邵荣此前行事功利,仗着兄弟多以力压人,不顾麾下士气低下强抢先登,难免担心乡党心有嫌隙,才以言语试探,好在结果没让他失望。
这些部下未必都是真心相随,可乱世哪有那么多真心,愿意和你抱团博富贵的就是能够倚仗的“自己人”,都必须倾力拉拢。
“好!诸位都是同生共死的好弟兄,俺也不矫情了,日后但凡有邵某一口干的,就绝不会让弟兄们喝稀的。”
待生死弟兄共富贵的戏码表演完,西城门也打开了,大军蜂拥而入,邵荣赶紧迎上前,向石山汇报为兄长寻医疗伤之事。
“大眼,你带六什和七什,拿两副担架,护卫邵指挥前往东市。”
“是!”
邀买人心这事,邵荣会做,石山同样会做。
至于邵荣私底下拉帮结派的小动作,暂时就只能睁只眼闭只眼了,人性使然,自己都公然私立一营,又如何能让部下一心为公?
暂编营二百四十六人,战死城下和登上城墙者加起来还不到两成,其余逃回者已经被收拢,邵荣临行前只字未提这些人,等于放弃了对其处置权。
使功不如使过,石山当即调整部署,道:
“龚午,你带暂编营控制府库。”
“遵命!”
“五营清理街巷、纠察军纪任务不变,四营随某前往县衙!”
正面击垮守军极大减少了接收时的阻力,进城后,除了城北有短暂的喊杀声传来,其余各个方向只看到几起不大的烟火,喊杀声均不大。
孙逊领着人冲锋在前,石山骑马,位置稍稍靠后,才拐入县衙前大街,就见一名绿袍官员领着四个皂衣小吏匆匆跑出衙门。
此人也看到了迎面奔来的红巾军,避无可避逃无可逃,赶紧跪下,高呼:
“罪官虹县主簿方仲文跪迎义师!”
虹县同属下县,达鲁花赤以下无县丞,仅设县尹、主簿、县尉、典史各一员,达鲁花赤都被擒,理应由县尹主持投降之事,而不是这个刚才明明看着要逃的主簿。
“县尹何在?”
方仲文跪在生硬的条石地上,身子微微发抖,根本不敢抬头。
“县尹曹世贤自知顽抗义师罪孽深重,已悬梁自尽,衙中只剩我一名罪官。
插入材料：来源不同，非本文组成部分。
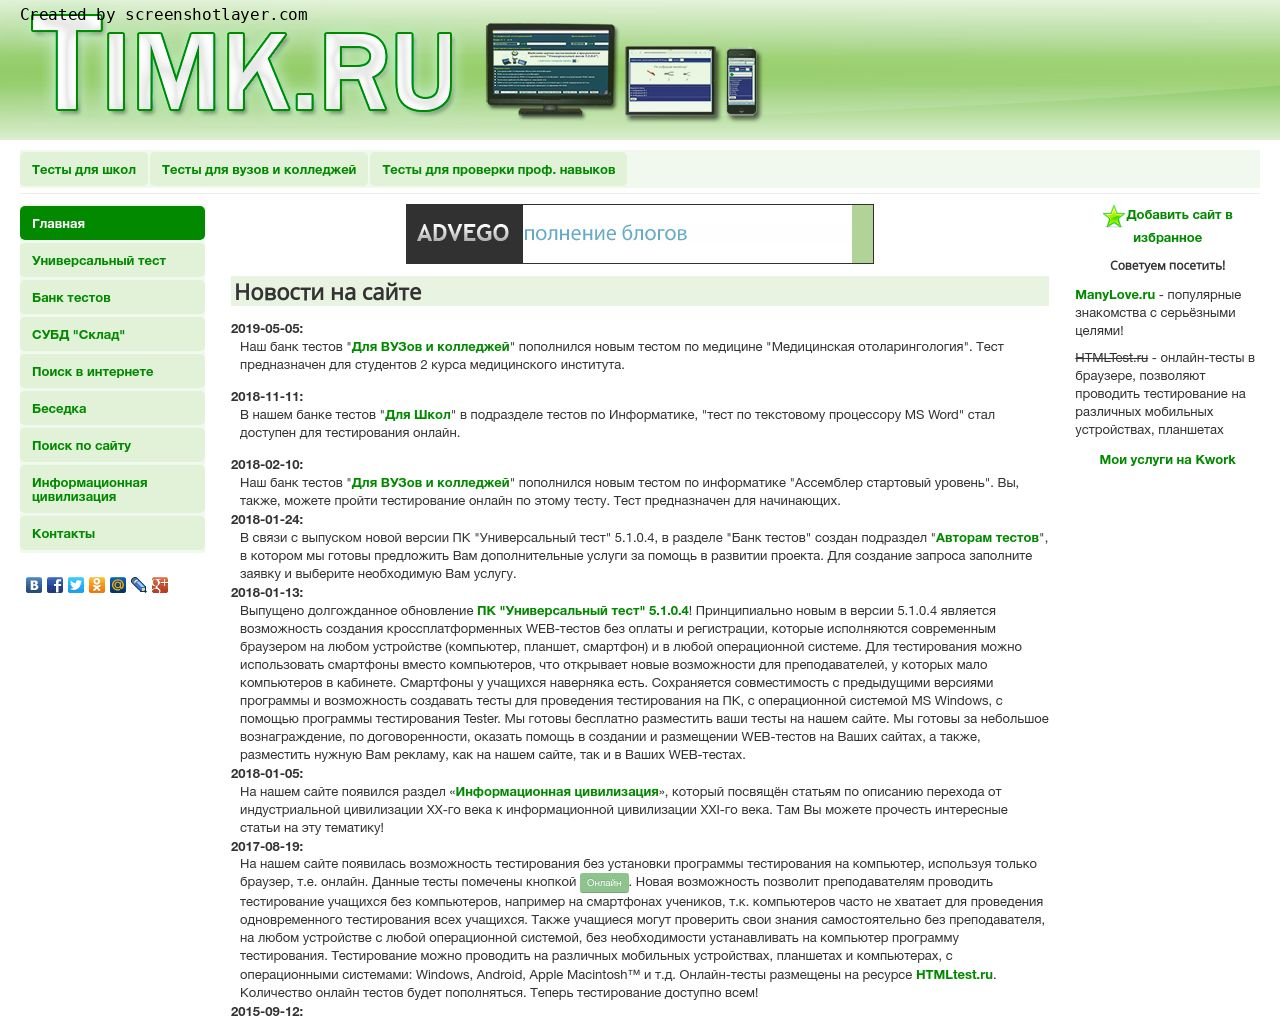 Изображение сайта timk.ru в разрешении 1280x1024

”
不过是个为异族朝廷殉死的老顽固而已,死了就死了,石山也只是随口一问,很快就将话题转到自己更关心的事务上。
“县中文书籍簿可有损毁?”
贼酋不问金银美女,反而关心文书籍簿,方仲文大为疑惑的同时,也暗暗松了一口气此贼有萧何入咸阳之志,自己兴许能与之虚与委蛇,保住性命应该无虞。
“岂敢!”
二人说话间,孙逊已带着四营部分将士冲入县衙,谭有鱼组织辎重营医官和部分青壮在衙前广场架设灶台大锅,准备救治伤员。
石山也走到了方仲文身前,翻身下马。
“都起来吧,方主簿,头前带路。”
穿过大堂,才入二院,便见几名“红心营”将士将曹世贤尸身从二堂梁上取下,更远处的后宅,隐隐有女眷哭泣之声传来。
石山对死人没兴趣,吩咐孙逊不得凌辱县尹女眷后,便在方仲文的引领下,检查院两侧各班房,确认文书籍簿保存完好。
资料太多,以后有时间再慢慢看,当务之急是尽快稳住城中局势,石山简单翻阅了近几期邸报和官仓出入库记录,便上下打量一旁恭敬侍立的方仲文。
“方主簿今年多少岁,当官有几年?”
贼酋行事有度,并非嗜杀之人,也没有刻意羞辱自己,方仲文心中的惶恐消退了一些,语气恢复了些许镇定。
“回将军,罪官虚度四十九年,混迹官场十七春秋。”
做官近二十年,老江湖了,应该清楚自己想要什么,石山点了点头,道:
“李元帅起义师于徐州,欲驱虏复汉再造华夏。石某不才,元帅麾下一小校,却非只知杀人放火的暴徒,想要尽快安定虹县,方主簿可有教我?”
第65章 临家门好汉气短
“安定?”
方仲文虽然缺乏赴死就义之心,却本能抗拒被乱贼驱使,不想说,又不敢不说,犹豫了好一会,才试探地道:
“罪官愚钝,不敢教将军,仓促间仅想出三条陋策,不知当讲不当讲?”
“讲!”
“一则地方安定莫过人心,人心安定首在士绅。罪官斗胆,曹县尹身死罪销,还请将军念在其人治理虹县有功,许其家眷收殓遗体,扶柩返乡。”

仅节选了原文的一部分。